En su libro Enough, el periodista americano —ex Wall Street Journal— Roger Thurow cuenta el drama increíble de un gran éxito. En 2002 Etiopía llevaba varios años levantando cosechas cada vez mayores: las mejoras en las semillas, la aparición de algún abono y algún tractor y mínima irrigación lo estaban consiguiendo. Aquel año, Etiopía se había convertido en el segundo productor de granos del continente, detrás de Sudáfrica. Solo que nadie había pensado qué hacer con tanto. Las cantidades sobrepasaban la demanda local; las rutas hacia los puertos estaban arruinadas o cortadas por la guerra de Eritrea; nadie —ni el gobierno ni el sector privado— tenía dinero para comprar y almacenar los granos; no había siquiera silos para guardarlos; en ciertas zonas del país millones pasaban hambre pero las rutas hacia ellos estaban intransitables y solo llegaban los aviones de la ayuda internacional: de mayoría americana, traían alimentos americanos, como mandan sus leyes. El país estaba lleno de granos que nadie podía usar y los americanos llegaban con su propio cereal: toneladas y toneladas de cereales pagados carísimos a los productores estadounidenses.

En ciertas zonas el grano sobraba; los mercados locales se inundaron de trigo barato y, en unos días, su precio bajó de diez a dos dólares los 100 kilos. La mayoría de los granjeros perdió tanto que al año siguiente no tenía plata para comprar semillas, abonos o —los privilegiados— combustibles para sus bombas de agua: buena parte de sus tierras quedó sin plantar.
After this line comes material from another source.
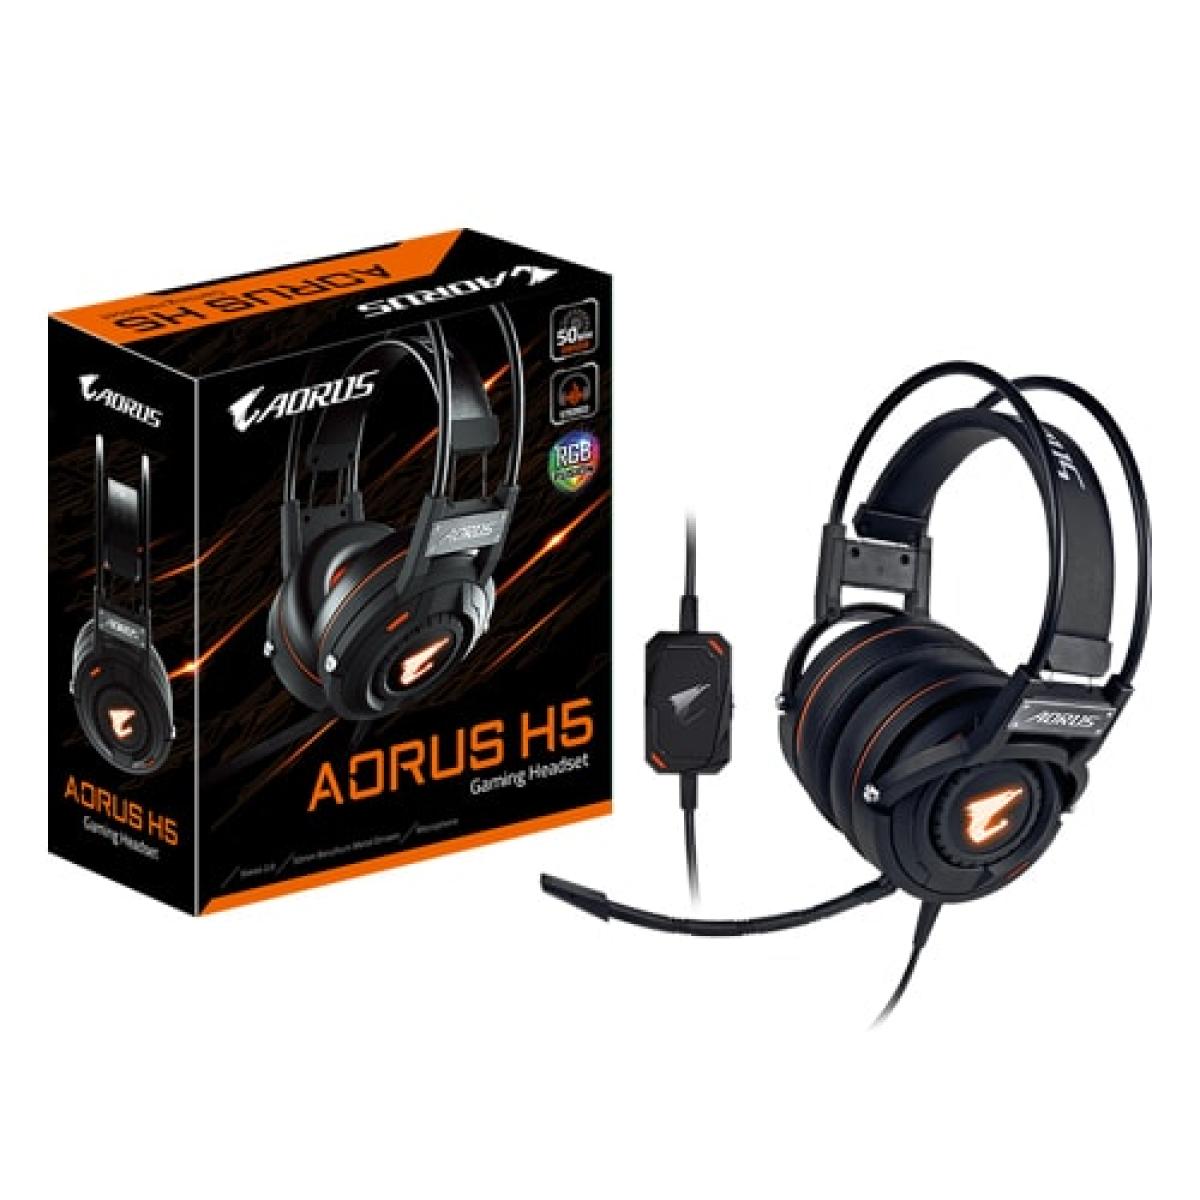 GIGABYTE AORUS H5 RGB Stereo Gaming Comfort Headset, Detachable and Bendable Microphone, In-line sound controls

La cosecha de 2003 fue una de las más bajas de las últimas décadas y el hambre se generalizó en todo el país. «Yo sé que cuando bajo el tamaño de mis cultivos estoy contribuyendo a la escasez de alimentos», le dijo a Thurow un productor llamado Bulula Tulle, que había pasado de 1.000 hectáreas a 200. «Es horrible. Pero por lo menos no estoy perdiendo plata».

Momo, el director de MSF en Níger, tiene años de experiencia en la zona: nació y creció en Mali, se formó en distintas organizaciones, es un experto en el Sahel. Momo habla tranquilo pero firme, convencido:

—Es cierto que hay elementos más o menos naturales y demográficos que nos complican la vida. Siempre está la amenaza de las plagas, los grillos, los gorriones, que pueden llegar una noche, una mañana muy temprano cuando el campo ya está a punto y quedarse con todo. Y hay cuestiones que tienen que ver con las últimas décadas de historia. Parte de los nómades que recorrían la región con sus rebaños se asentaron y agregaron presión demográfica, y al asentarse redujeron el espacio para los nómades restantes que se asentaron y así de seguido. Como hay menos ganado hay menos abono y los abonos químicos que lo reemplazan son muy caros y entonces se produce menos. El suelo se degradó, las lluvias se hicieron más escasas, la población creció. Con lo cual las tierras que alcanzaban para dar de comer ya no alcanzan…

En los últimos veinte años la producción agrícola nigerina creció 2 por ciento por año; la población, más de 3,5 por ciento: la cantidad de gente aumenta mucho más rápido que la cantidad de grano. Como hay más gente, las tierras se dividen cada vez más.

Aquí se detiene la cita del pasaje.